Послышался скрип открываемой двери.
– Кто там?
Ясмин затаила дыхание, от души желая умереть.
– Эй! Кто там?
«Прикрой мою наготу и огради меня от страха, – безмолвно взмолилась она. – Защити меня от угроз спереди и сзади, справа и слева, над головой и под ногами».
Спускающиеся шаги. Ветер, бьющий по черным железным перилам. Выброшенная пластиковая упаковка, летящая вдоль брусчатки к ее ногам. Когда-нибудь Ясмин над этим посмеется.
Она присела еще ниже и спрятала лицо в ладонях, словно играющий в прятки малыш.
– Ясмин?
– Нет, – ответила она, имея в виду «Только не это».
– Ясмин. Не хочешь зайти?
Она сидела на диване и вопреки всему – мучительному стыду, отчаянию, которое довело ее до этого позора, страху потерять рассудок – с жадным любопытством осматривалась. Она впервые видела его гостиную. Сложно было сделать какие-то выводы по белым деревянным ставням, прямым линиям бурого дивана с кожаной обивкой, креслам под стать, ковру из воловьей шкуры и полосатой картине в приглушенных тонах, висящей на стене. Но в камине горели дрова, по телевизору с убавленным звуком шел фильм про Вторую мировую, а на приставном столике стояла полупустая бутылка красного вина дорогой марки. Так вот как он проводит вечер: камин, кино, бокал красного. Ясмин, не снимая пальто, уставилась в синий полумрак между обугленных черных поленьев и рыжих языков пламени.
Что, черт возьми, ему сказать? Тем временем Пеппердайн ушел за вторым бокалом. «Вернусь через минуту, – сказал он. И: – Чувствуй себя как дома». Ни безмолвных объятий, ни «Какого черта ты здесь делаешь?».
Может, прямо сейчас он звонит психиатру, чтобы ее отправили на принудительное лечение.
– Вот и мы, – сказал он, входя с бокалом. – Тебе не жарко в пальто? – На нем были джинсы и линялая синяя футболка с обтрепанным воротом.
Не успел он сесть, как Ясмин встала. Он снова поднялся.
– Не стоило мне приходить, – сказала она. – Я лучше пойду.
Пеппердайн, словно не слыша, налил ей вина. Потом оказался у нее за спиной.
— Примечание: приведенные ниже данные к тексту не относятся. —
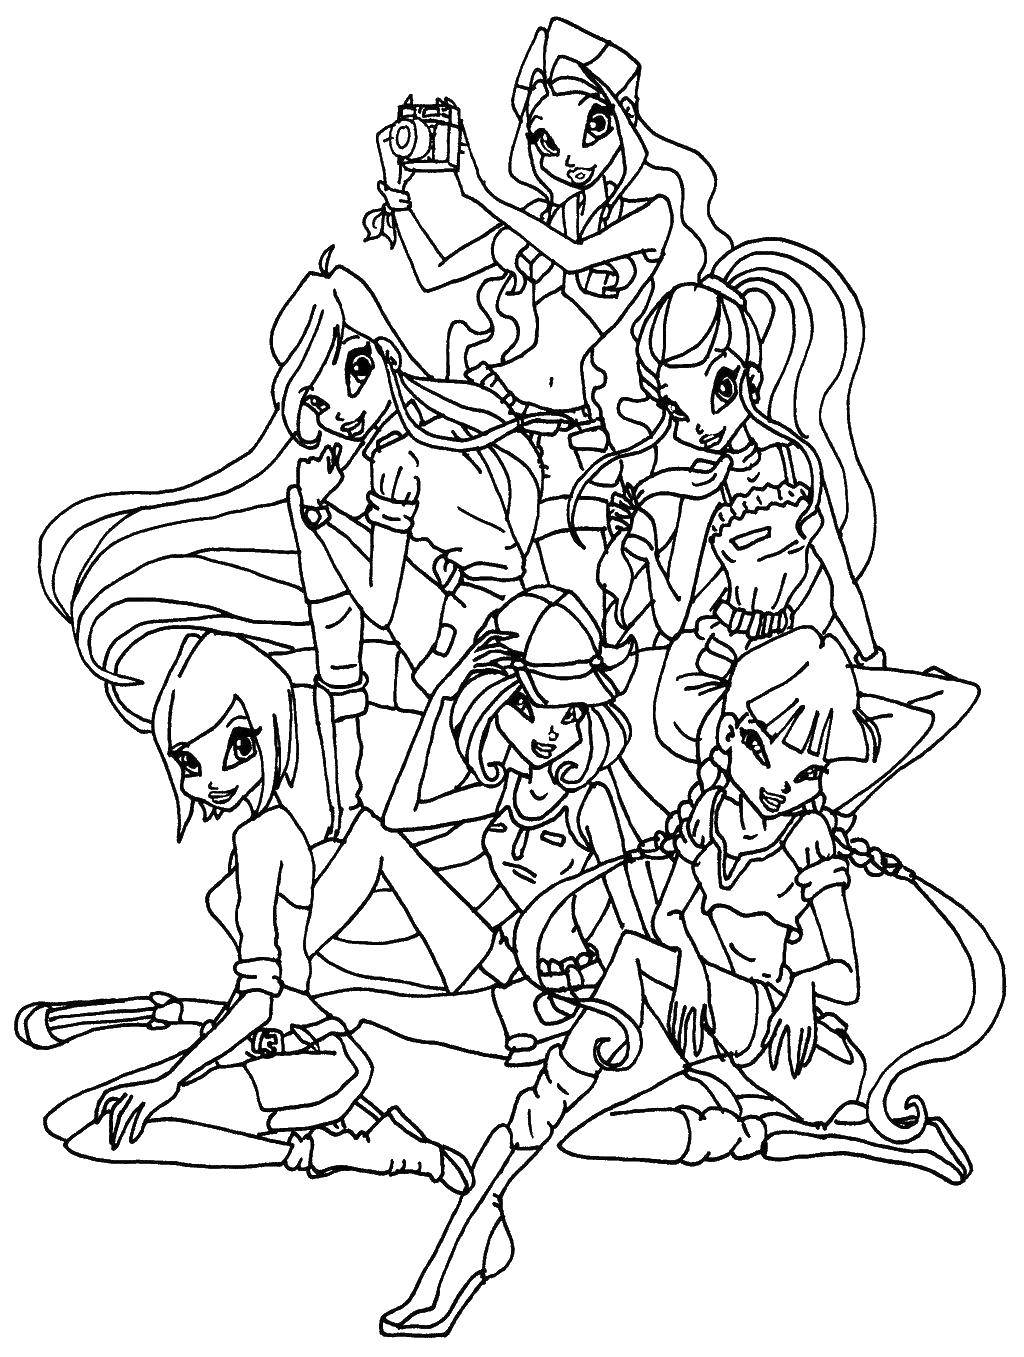 Coloring A team of fairies. Category Winx club. Tags:  Character cartoon, Winx.

Его ладони легли ей на плечи, приподняли ее пальто, стянули с ее рук рукава. Ясмин вздрогнула.
– Если ты не в настроении для разговоров, можем посмотреть фильм. Я включил его всего за несколько минут до твоего… прибытия. Могу перемотать.
– Ладно, – сказала Ясмин. Если он собирается притворяться, что это нормально, то и она будет вести себя как ни в чем не бывало. Какая разница? Что бы она сейчас ни сделала, хуже уже не будет. Она посидит, отхлебывая из бокала, словно заскочила посмотреть кино и выпить на сон грядущий. – Только я не люблю кино про войну, – добавила она из чувства противоречия. На самом деле Ясмин видела так мало военных фильмов, что никакого мнения у нее не сложилось. Взяв бокал, она села на диван. Кожаная обивка была маслянистой на ощупь, словно размягчилась от огня.
– Как правило, я тоже. Но этот мне нравится. «Тонкая красная линия».
– Что в нем такого замечательного?
– Хм. Ну… Операторская работа. – Пеппердайн взял пульт, сел в кресло и нажал на паузу. – Ощущение горячечного сна. Сюжет – на самом деле он про…
Пока он разглагольствовал, Ясмин разглядывала его. Вытянутые длинные ноги, лежащие на кофейном столике ступни, жилистые, мускулистые голые предплечья, суровая складка у рта. Внезапно все это показалось невыносимым. Какого черта он разыгрывает из себя кинокритика, не проявляя ни малейшего интереса к тому, с какой стати она пряталась между его садовыми отходами и утильсырьем?
– Я не знаю, что делать! – выпалила она. – Я так несчастна!
– Что случилось? – Он серьезно посмотрел на нее. – Моя маленькая беглянка. Что случилось?
– Всё пошло наперекосяк! Всё ужасно.
– Расскажи мне, – сказал он. – Не держи в себе.
– Не могу! Я не могу грузить тебя жалобами на мою ненормальную семью. На Джо.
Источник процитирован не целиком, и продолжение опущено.